Andrei Rublev

Discuss...

best tarkovsky
also bump

>yfw the Mongols come

I prefer capeshit.

Great movie but it would have been better in color.

I am discussing.

that's zerkalo
rublev is second best

discussion

Didn't get it

Got it

Best movie I've ever seen. I was nearly moved to tears by the end.

Absolute kino.

Snyder>Tarkovsky

same rt score as Marvel's Agents of Shield

The pagans running naked through the woods was pretty striking.
I really like the actor of Andrei; it's a shame he died young.

nobody's fucking discussing

I am discussing.

What's there to discuss? It's pretty straightforward.
One can argue about the nature of disagreement between Andrei and Theophanes, but Sup Forums is not a place to do it.

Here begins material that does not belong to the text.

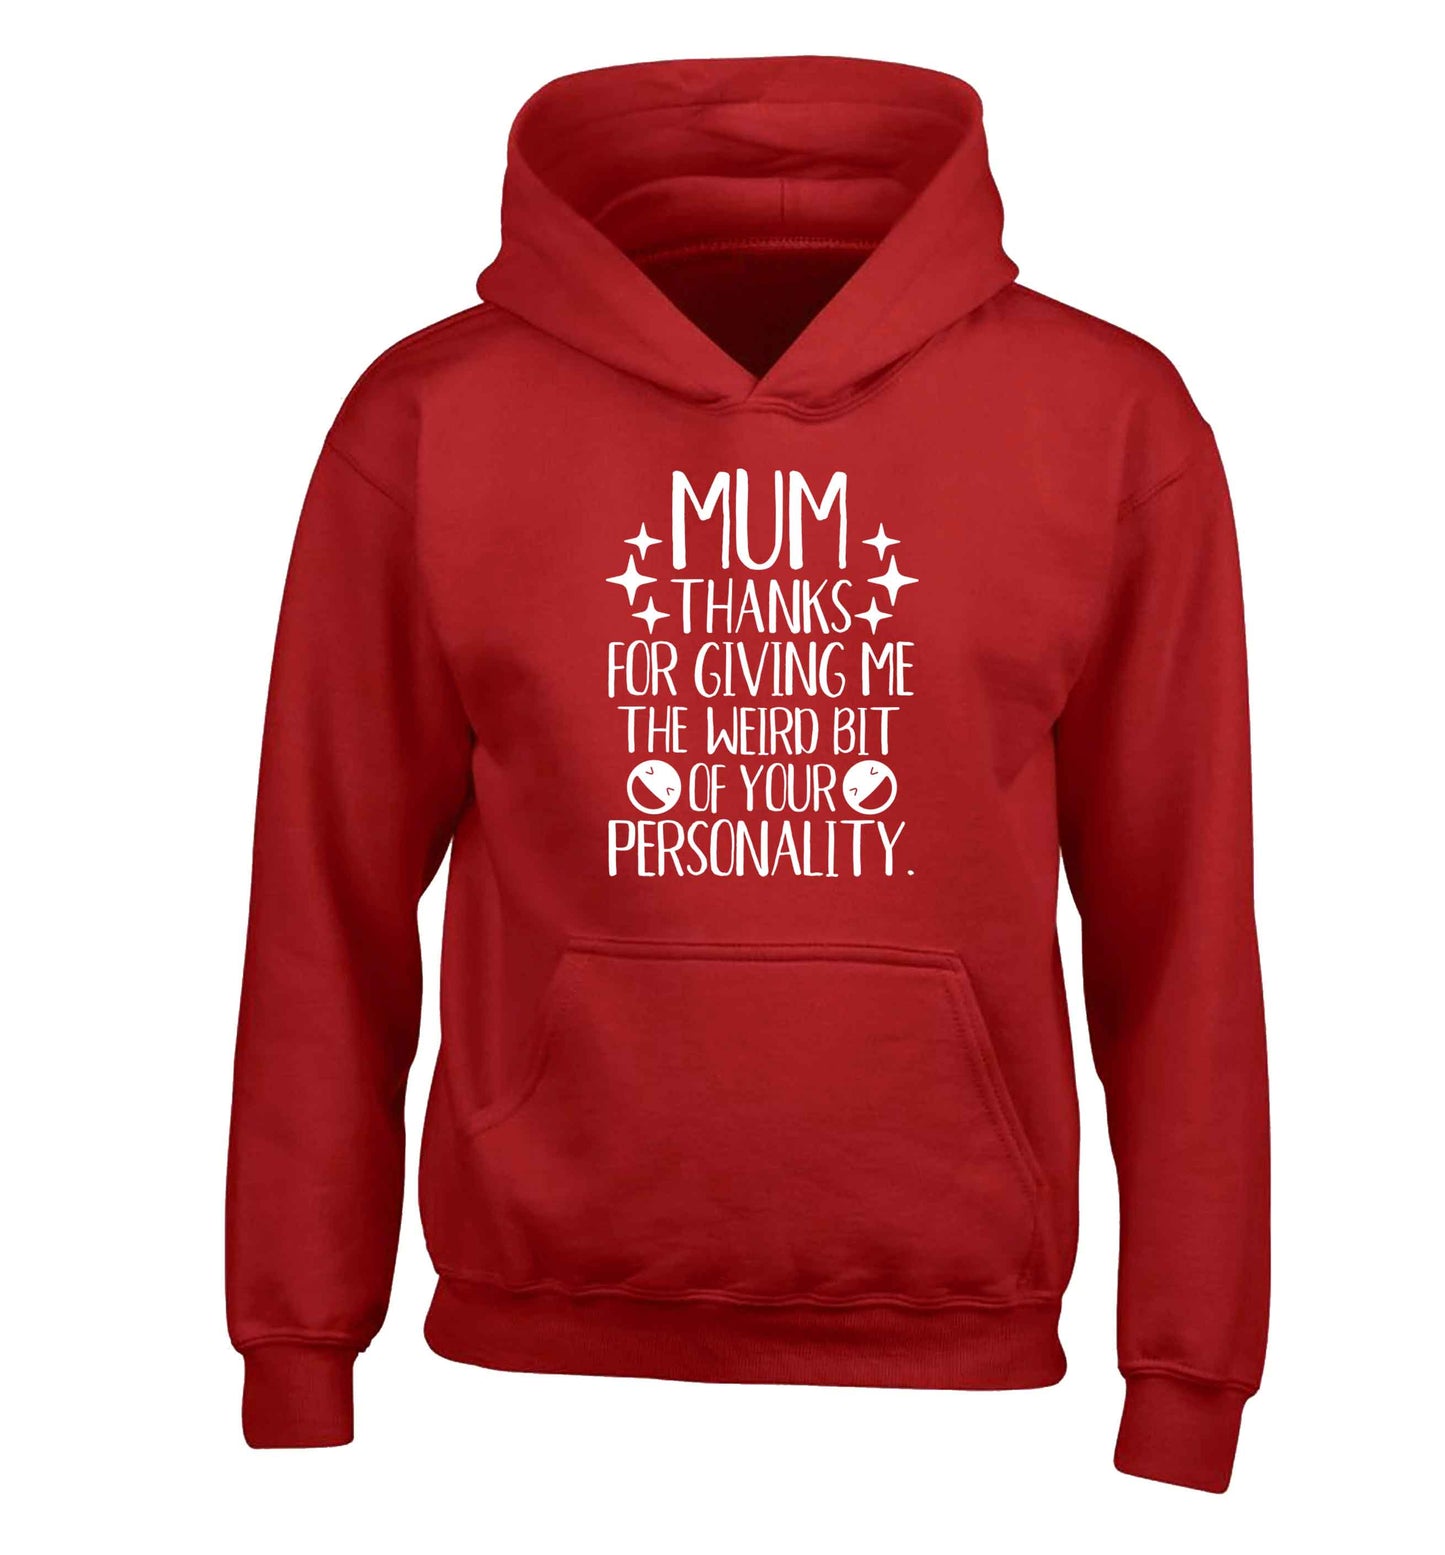 Mum, I love you more than halloumi and if you know me at all you know how deep that is children's red hoodie 12-13 Years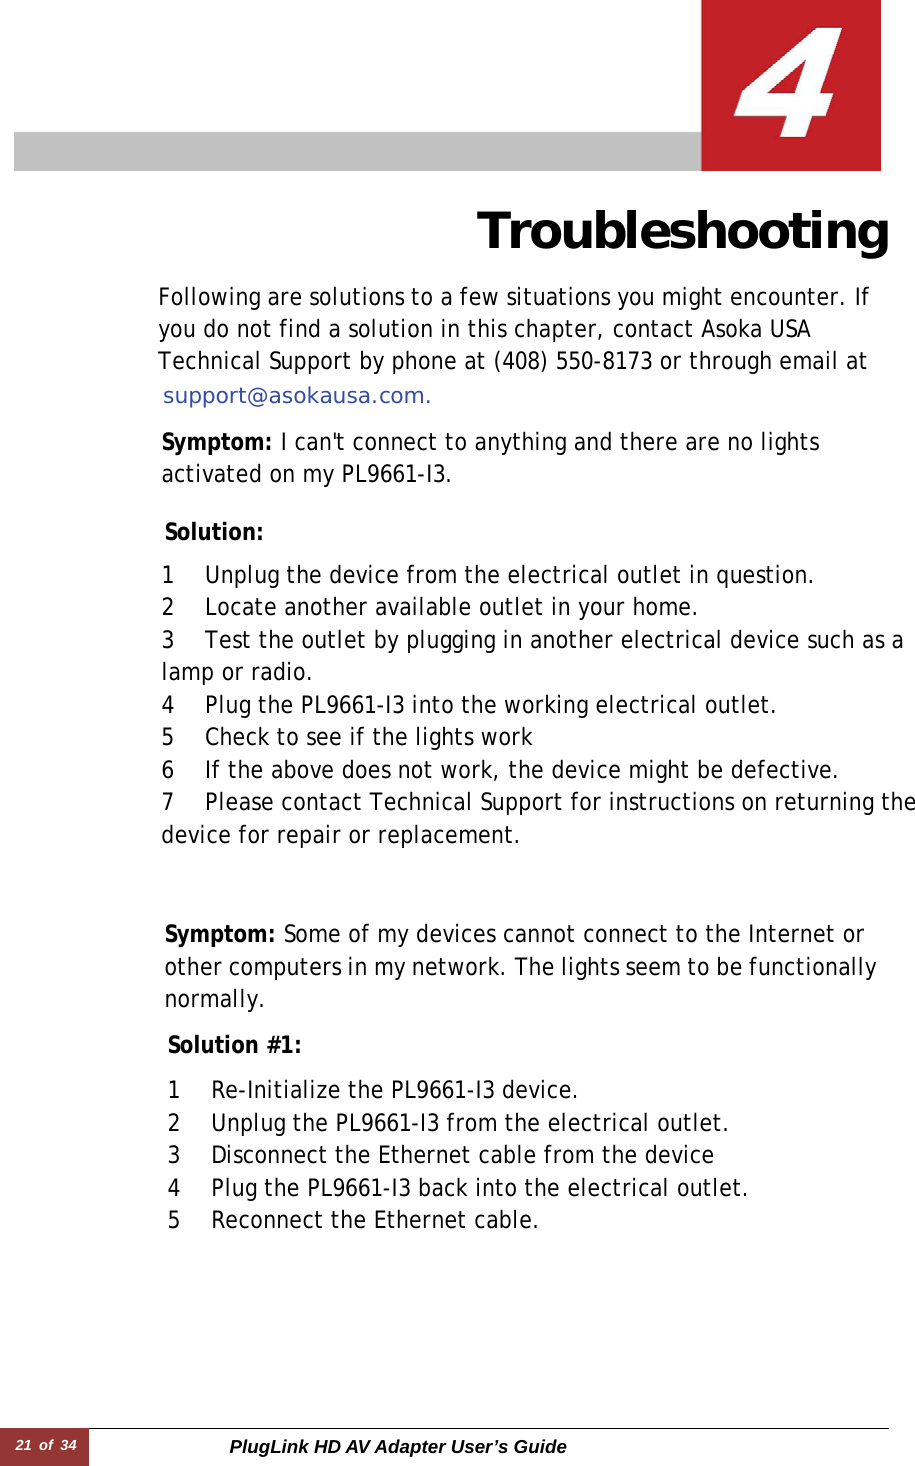 21 of 34  PlugLink HD AV Adapter User’s Guide                 Troubleshooting  Following are solutions to a few situations you might encounter. If you do not find a solution in this chapter, contact Asoka USA Technical Support by phone at (408) 550-8173 or through email at support@asokausa.com.  Symptom: I can&apos;t connect to anything and there are no lights activated on my PL9661-I3.  Solution:  1 Unplug the device from the electrical outlet in question.  2 Locate another available outlet in your home.  3 Test the outlet by plugging in another electrical device such as a lamp or radio.  4 Plug the PL9661-I3 into the working electrical outlet.  5 Check to see if the lights work  6 If the above does not work, the device might be defective.  7 Please contact Technical Support for instructions on returning the device for repair or replacement.  Symptom: Some of my devices cannot connect to the Internet or other computers in my network. The lights seem to be functionallynormally.  Solution #1:   1 Re-Initialize the PL9661-I3 device.  2 Unplug the PL9661-I3 from the electrical outlet.  3 Disconnect the Ethernet cable from the device  4 Plug the PL9661-I3 back into the electrical outlet.  5 Reconnect the Ethernet cable.

>never seen a tarkovsky film
where start

discussion discussion

discus

I think you should watch in release order; that's what I did anyway.
Ivan's Childhood seems like his most accessible film, and is also a good bit shorter than others.

pk thanks user

>At the moment, I don't think colour film is anything more than a commercial gimmick. I don't know a single film that uses colour well. In any colour film the graphics impinge on one's perception of the events. In everyday life we seldom pay any special attention to colour. When we watch something going on we don't notice colour. A black-and-white film immediately creates the impression that your attention is concentrated on what is most important. On the screen colour imposes itself on you, whereas in real life that only happens at odd moments, so it's not right for the audience to be constantly aware of colour. Isolated details can be in colour if that is what corresponds to the state of the character on the screen. In real life the line that separates unawareness of colour from the moment when you start to notice it is quite imperceptible. Our unbroken, evenly paced flow of attention will suddenly be concentrated on some specific detail. A similar effect is achieved in a film when coloured shots are inserted into black-and-white.
>Colour film as a concept uses the aesthetic principles of painting, or colour photography. As soon as you have a coloured picture in the frame it becomes a moving painting. It's all too beautiful, and unlike life. What you see in cinema is a coloured, painted plane, a composition on a plane. In a black-and-white film there is no feeling of something extraneous going on, the audience can watch the film without being distracted from the action by colour. From the moment it was born, cinema has been developing not according to its vocation, but according to purely commercial ideas. That started when they began making endless film versions of classics.

actually makes sense desu
Probably no scene could have been really improved with color

I must admit that I viscerally hated Tarkovsky's "Nostalgia" and completely hated the use of Beethoven in it. I've seen it only once, but none of the Tarkovsky films that I have seen did I think are really good.

Nostalgia is pretty good senpai, love the tracking shot in the hot spring.